Today’s daf (Beitzah 31b) raises the question of whether food may be taken on Yom Tov from a room that was previously sealed – which the Gemara initially understands to refer to a room that is literally sealed with bricks and mortar.
To give some background, the laws of mukzeh teach us that items that are ‘set aside’ and are not intended for use on Shabbat and Yom Tov may not be moved or used on Shabbat and Yom Tov. In this case, by virtue of the food being sealed in a room prior to Yom Tov, we would imagine that whatever is in that room is regarded as being mukzeh.

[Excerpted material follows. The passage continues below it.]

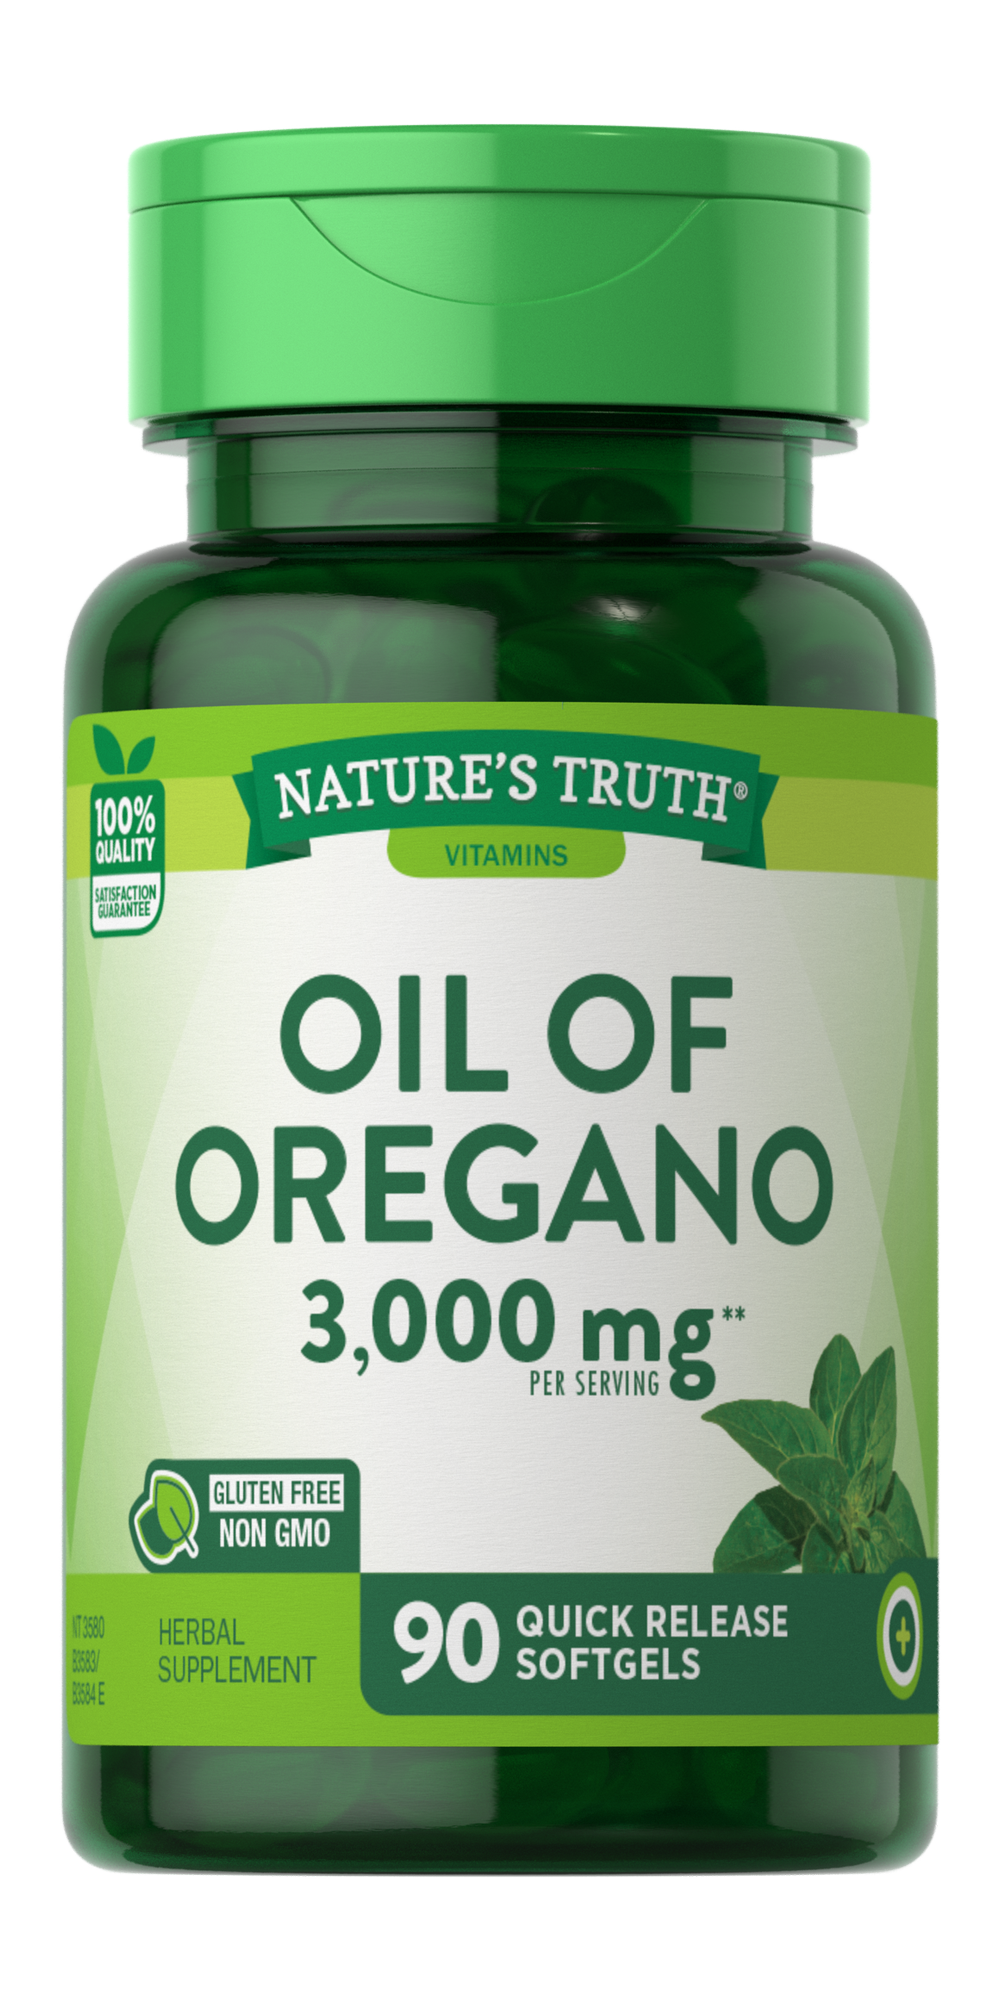 Natures Truth Oregano Oil Soft-gels 3000mg, 90 Count

Based on this, the Gemara asks about the circumstances in which a room that is truly sealed somehow became accessible on Yom Tov, and it then informs us that while food had been sealed in a room, this room was merely constructed by bricks piled together without mortar. Consequently, since the room was not truly sealed, the food inside the room is not truly considered mukzeh, and in a situation where a wall of that room was (unintentionally) breached, נוטל ממקום הפחת, ‘one may take from the place of the breach’.

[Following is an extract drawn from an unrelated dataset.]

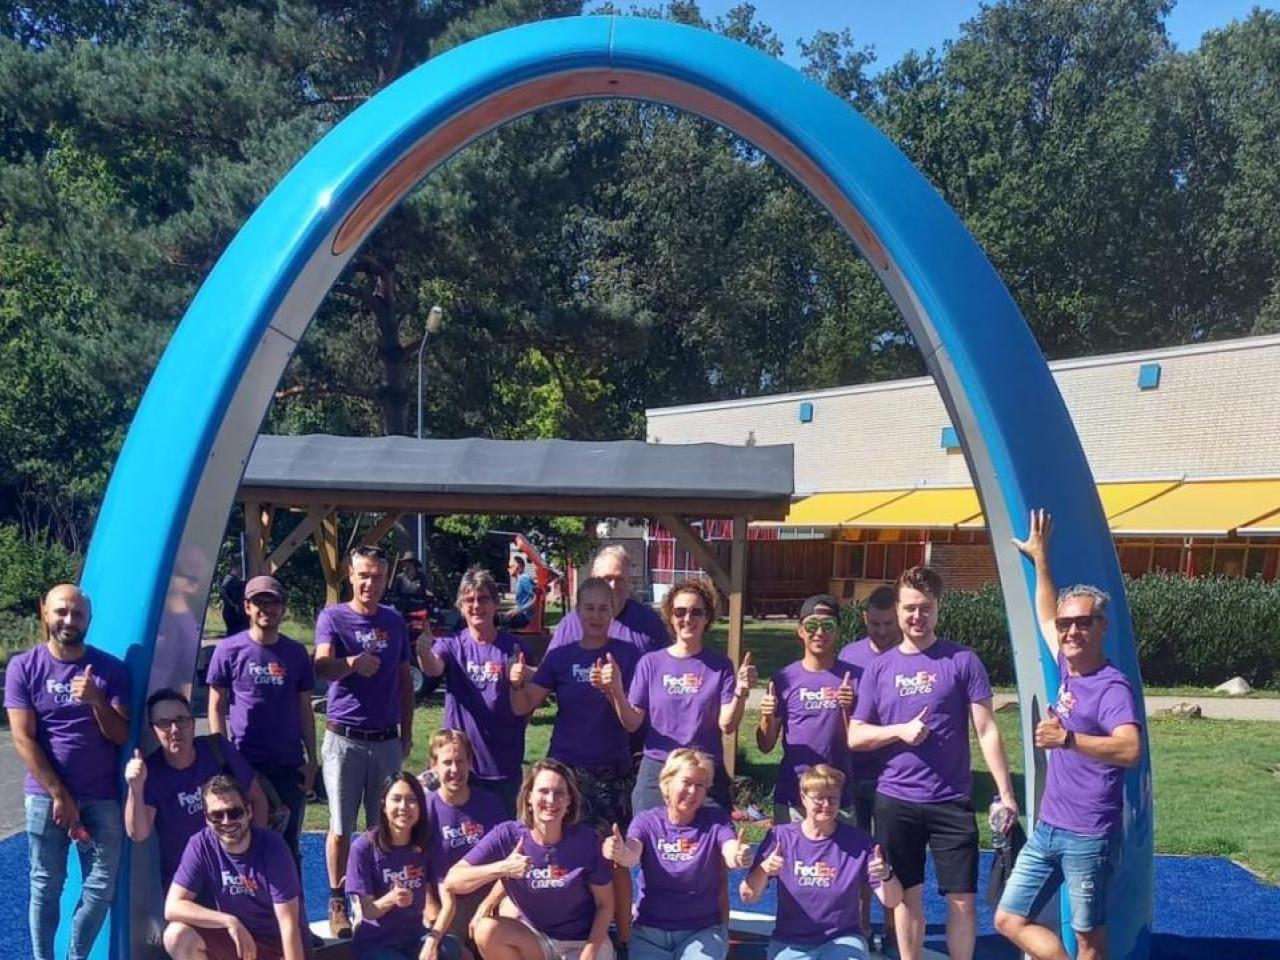 Volunteers posed in front of a large blue arch outside.

In life, we often think that certain dreams and aspirations are beyond the realms of possibility because unmovable and unbreachable walls stand in our way. Yet while, from a distance, the walls surrounding those dreams and aspirations look like they are built with brick and mortar, many times they merely have the appearance of a sealed wall and they are actually just bricks that have been piled together without mortar. And in such a situation, either through the slow but steady effort of removing those bricks, or the blessing of unexpected breaches in that wall, we can reach what we are striving towards.